• What you will do: Make an exact copy of the listing so that no picture is carried over.

• Supplied material:
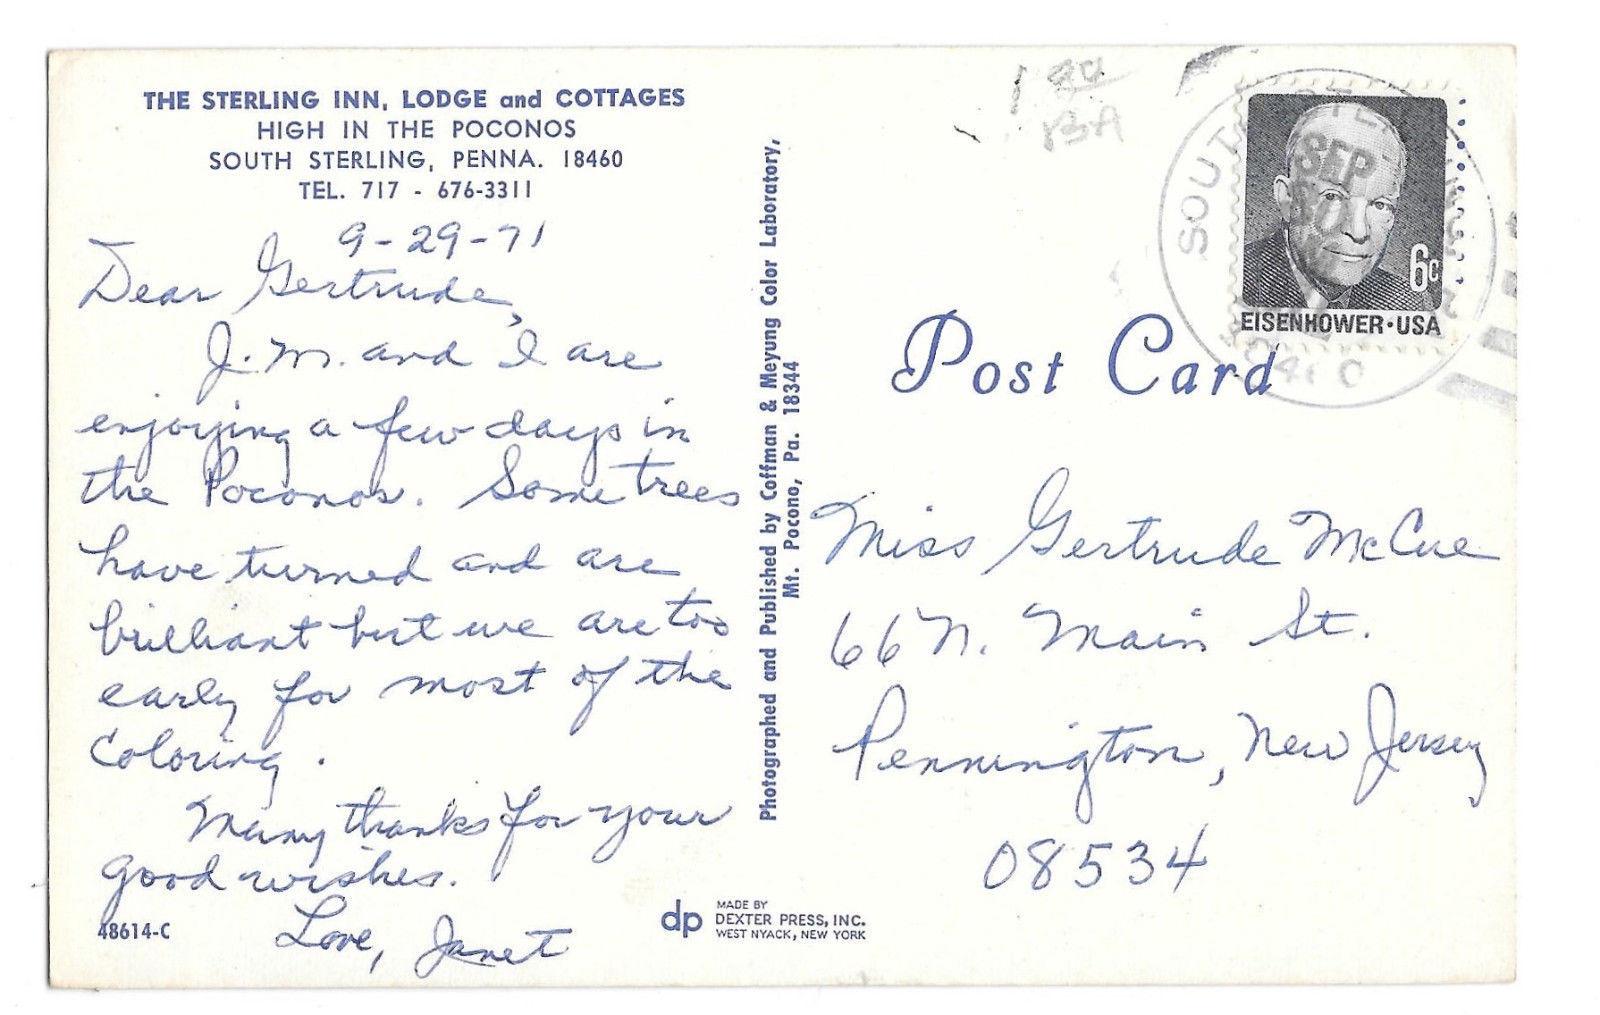 PA Sterling Inn Lodge Cottages South Sterling Poconos Vtg 1971 Postcard
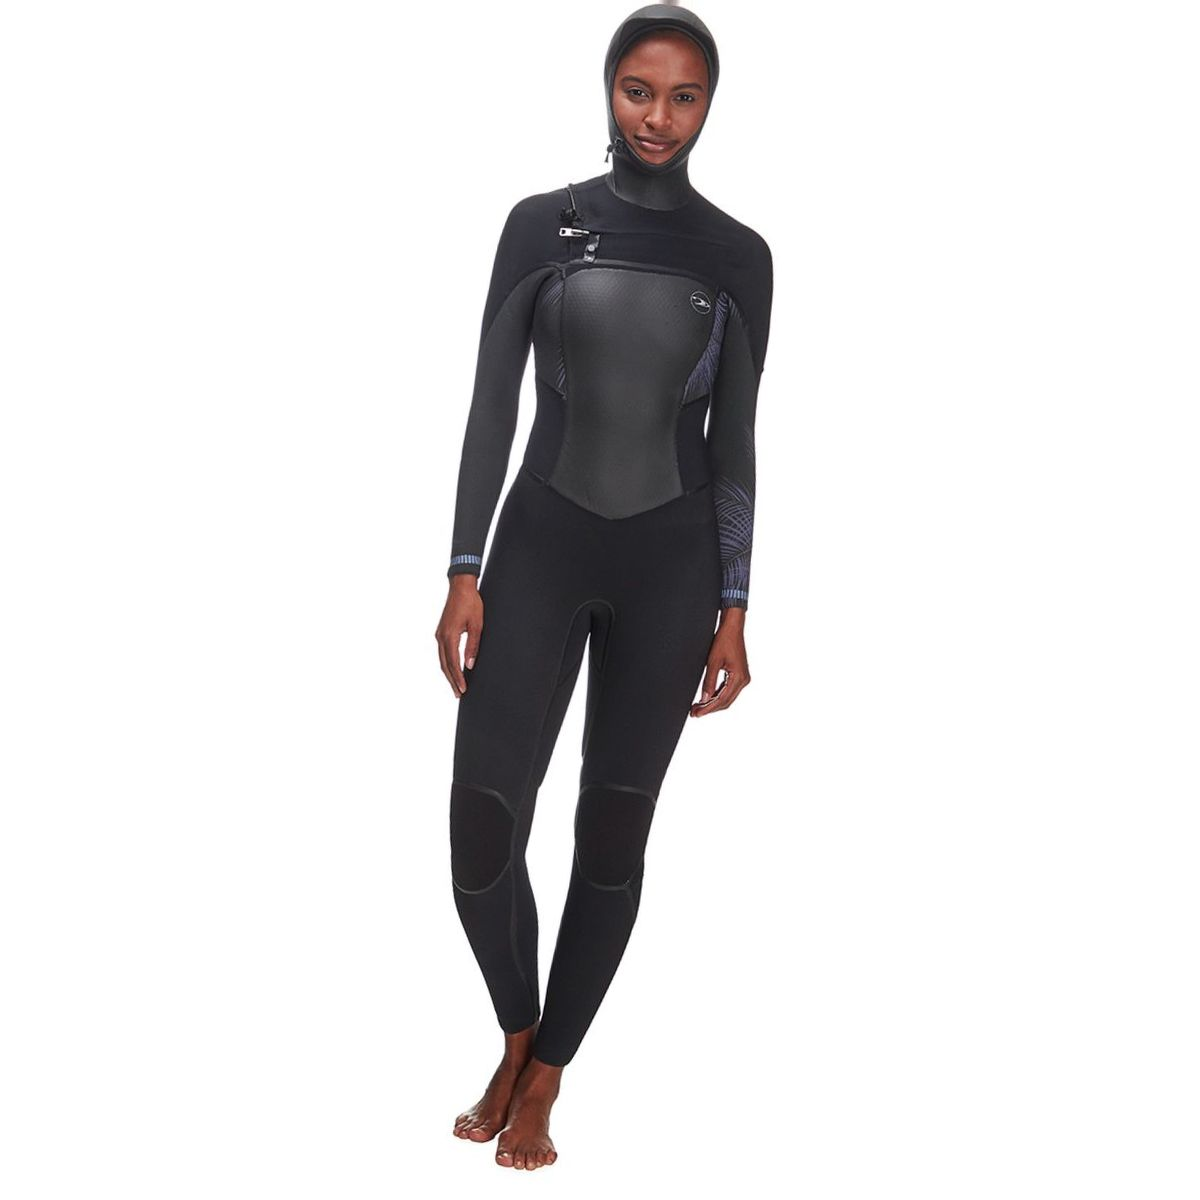 O'Neill Psychotech Fuze 5.5/4 Hooded Wetsuit - Women's
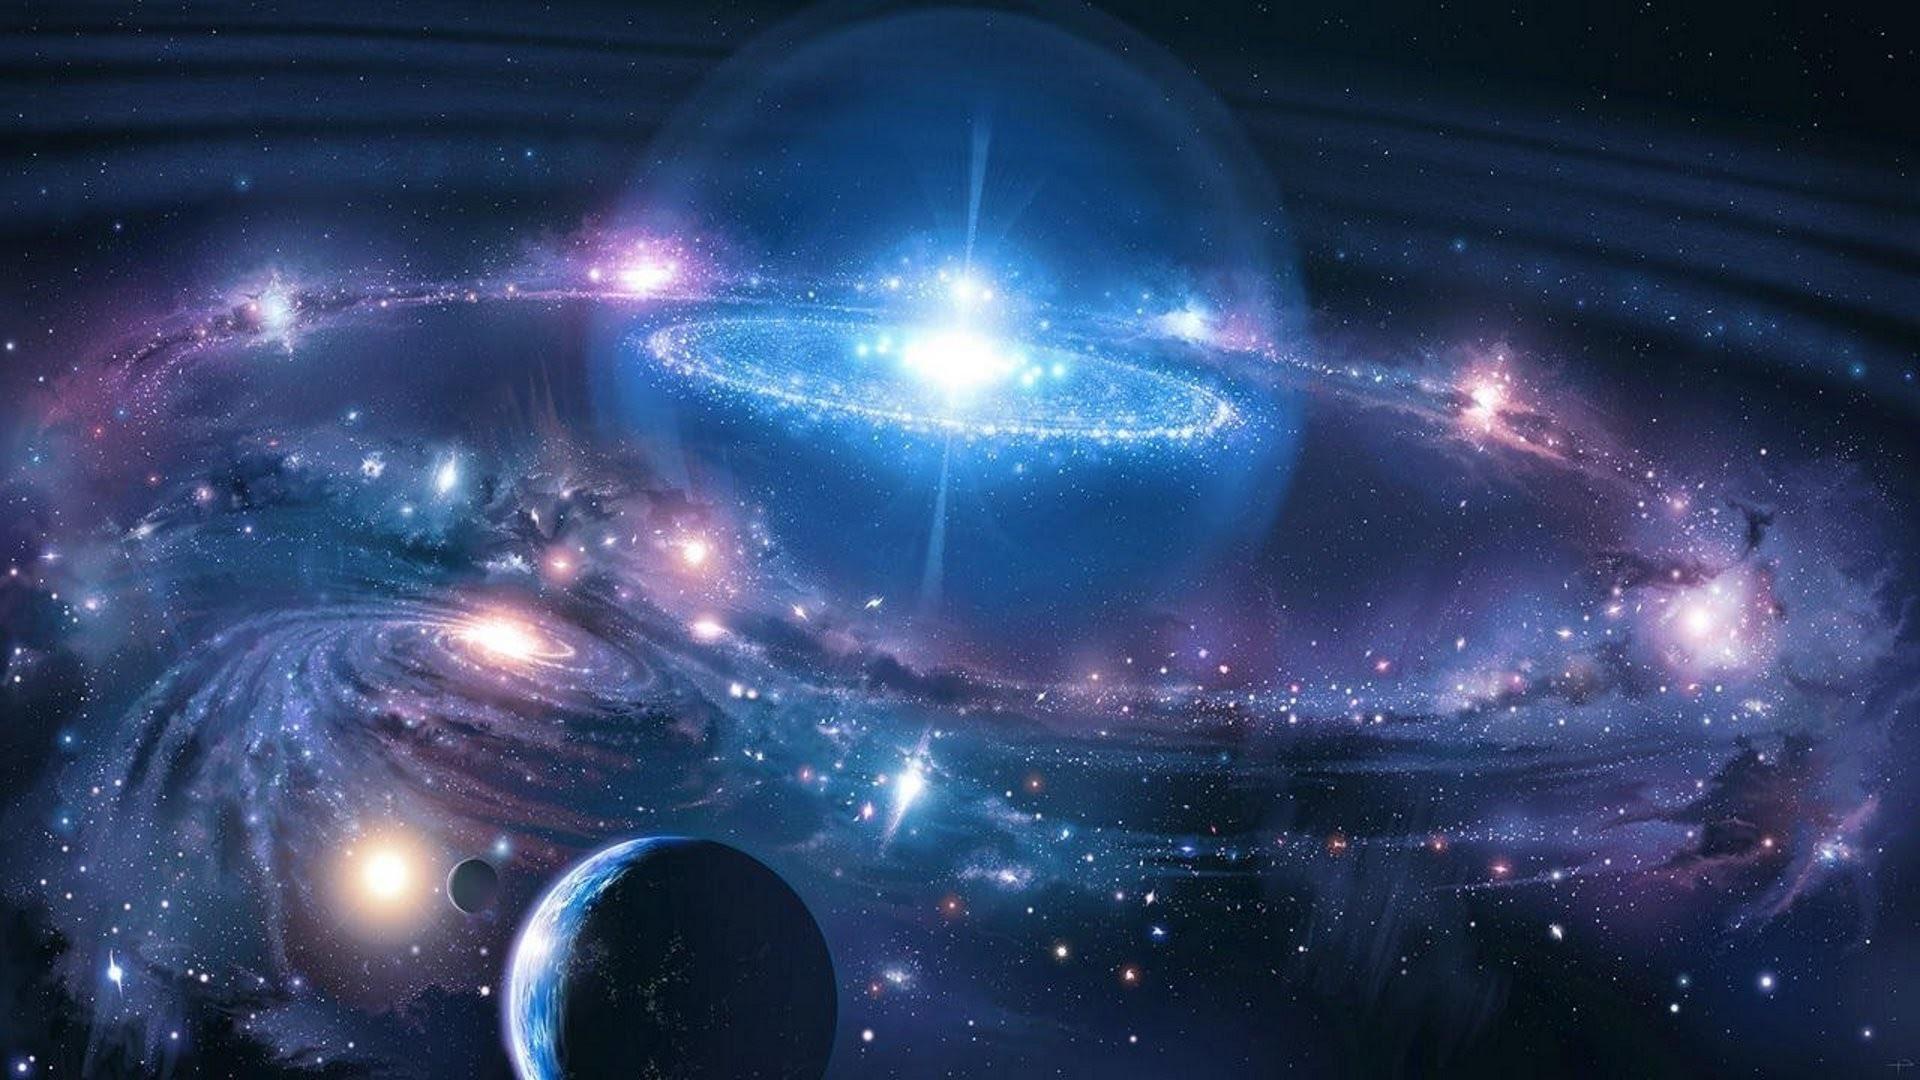 ВКосмосе есть органические вещества— Ученые

• Result:
 PA Sterling Inn Lodge Cottages South Sterling Poconos Vtg 1971 Postcard
 O'Neill Psychotech Fuze 5.5/4 Hooded Wetsuit - Women's
 ВКосмосе есть органические вещества— Ученые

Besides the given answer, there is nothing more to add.